В воздухе вдруг запахло чем-то паленым. Ревзин принюхался.
— Горит что-то, — обеспокоено пробормотал он, оборачиваясь. — Может, на кухне чего сожгли? — посмотрел на Соловьева, снова принявшегося за еду.
— Я только вспомнил, что не ел со вчерашнего, все недосуг было, — словно оправдываясь, сказал тот. — Да и то — после рыбного желе, которым меня супруга Янжула пичкала, аппетита пять дней как не было вовсе! — он снова добродушно рассмеялся, но вдруг, резко прервав смех, нахмурился и подался вперед.— Для установления настоящей метафизики, — проговорил он, — спиритические явления не только важны, но и необходимы, но говорить открыто об этом нельзя-я, — он помахал пальцем перед собой. — Делу это пользы не принесет, а мне доставит плохую репутацию.

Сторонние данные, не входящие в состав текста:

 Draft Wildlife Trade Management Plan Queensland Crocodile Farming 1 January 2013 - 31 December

— Неужто и ты тоже церковного гнева боишься? — усмехнулся Ревзин.
— Гнева не боюсь, тем более, что даже в Европе давно еретиков на кострах не жгут, однако же до истины хочу докопаться сам без внешних воздействий и давлений.
Ревзин обеспокоено втянул воздух.
— Не чувствуешь? Правда горит что-то!
— Горит и горит, — отмахнулся Соловьев. — Ежели пожар — нам скажут. Чай не костер инквизиции, — засмеялся он. — Скажи лучше, чего тебя в библиотеке-то не видно? Здесь, в Лондоне вроде как и нечем больше заниматься. Погода скучная, люди — такие же, сиди да работай.

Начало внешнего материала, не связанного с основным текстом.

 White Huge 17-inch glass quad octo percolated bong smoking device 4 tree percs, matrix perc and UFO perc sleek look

— Я, Владимир , живу-то ведь не как ты в меблированных комнатах напротив библиотеки, а на другом конце города, — в голосе Ревзина послышались скорбные нотки. — Дороговизна помещений здесь совсем не по моему карману. Высунешь утром нос на улицу — вроде солнышко глянуло, чаю выпьешь, снова глянешь — небо в минуту тусклое, дождь накрапывает, или того хуже — грязное облако фабричного дыма, от которого все чрезвычайно быстро чернеет, даже крахмальные рубашки надо менять два-три раза в день, грязь на дороге, и никакого желания покидать помещение не наблюдается. А тебе-то не надоело гностиками да Каббалой заниматься? — он чуть отстранился, давая возможность подошедшей девушке забрать пустые тарелки.

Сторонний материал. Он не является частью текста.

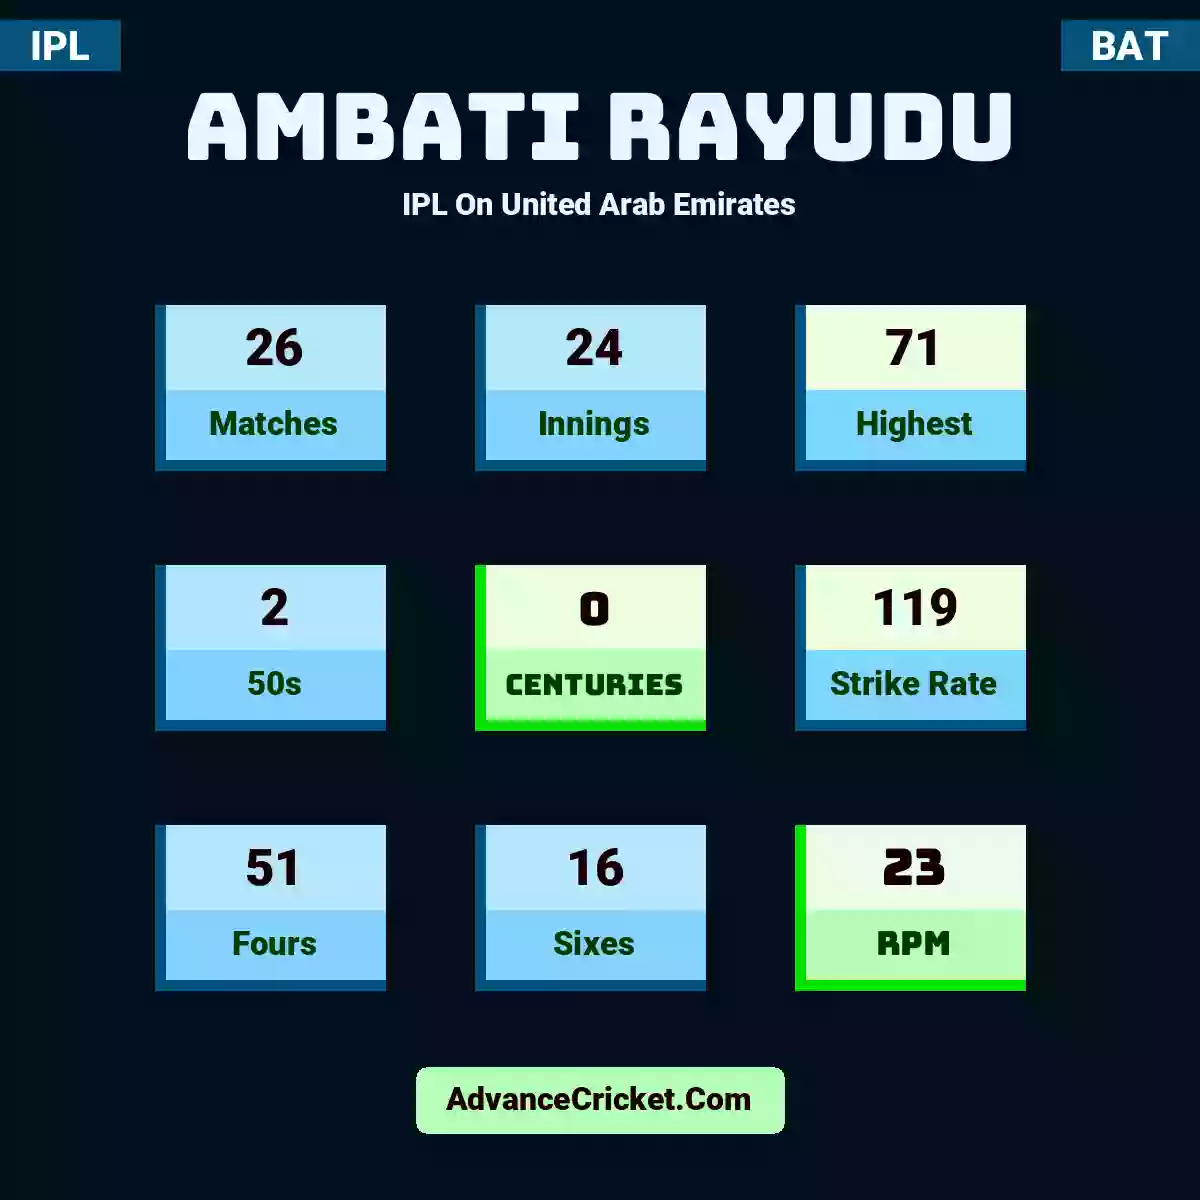 Ambati Rayudu IPL  On United Arab Emirates, Ambati Rayudu played 26 matches, scored 71 runs as highest, 2 half-centuries, and 0 centuries, with a strike rate of 119. A.Rayudu hit 51 fours and 16 sixes, with an RPM of 23.

Та наклонилась, снова, будто ненароком, коснулась пышной грудью плеча Ревзина, отчего тот замер, подхватила посуду и, повиливая бедрами, уплыла на кухню.
— Скучно, поди? Неужто ничего иное в голову не идет? — продолжил Ревзин, провожая девушку взглядом. — Женщины, к примеру. Женщины — они точно для удовольствия Богом созданы. Вот смотришь — и уже глаз радуется…
— Каббала… гностики… — задумчиво повторил Соловьев, разглядывая что-то на столе.
— Женщины, я говорю, — хмыкнул приятель.
— Каббала, гностики, женщины… Я как раз об этом, — Соловьев вскинул голову. — Ты слыхал, думаю, что человек, — ну, это всегда признавалось, — был изначально андрогинным существом, и потому разумно предположить, что он сохранит это двуполое состояние. В отношении того, как это будет сделано, существовало две точки зрения. Одна школа утверждала, что человеческая душа была разделена на две части — мужскую и женскую — и что человек остается несовершенным созданием до тех пор, пока эти части не воссоединятся через эмоции…
— Любовь, — уточнил Ревзин.
— Любовь, — кивнул Соловьев. — Отсюда — теория о «родственных душах», которые маются веками в поиске дополняющей их части разделенной души. Но вот послушай, какая штука! — он оживился. — Есть, понимаешь ли, еще одна теория, будто разделение полов произошло в результате подавления одного из полюсов андрогинного существа, чтобы таким образом жизненные энергии могли быть направлены в сторону развития рациональных мужских способностей.
— И что? — Ревзин посмотрел рассеянно и со стуком поставил опустошенную кружку на стол.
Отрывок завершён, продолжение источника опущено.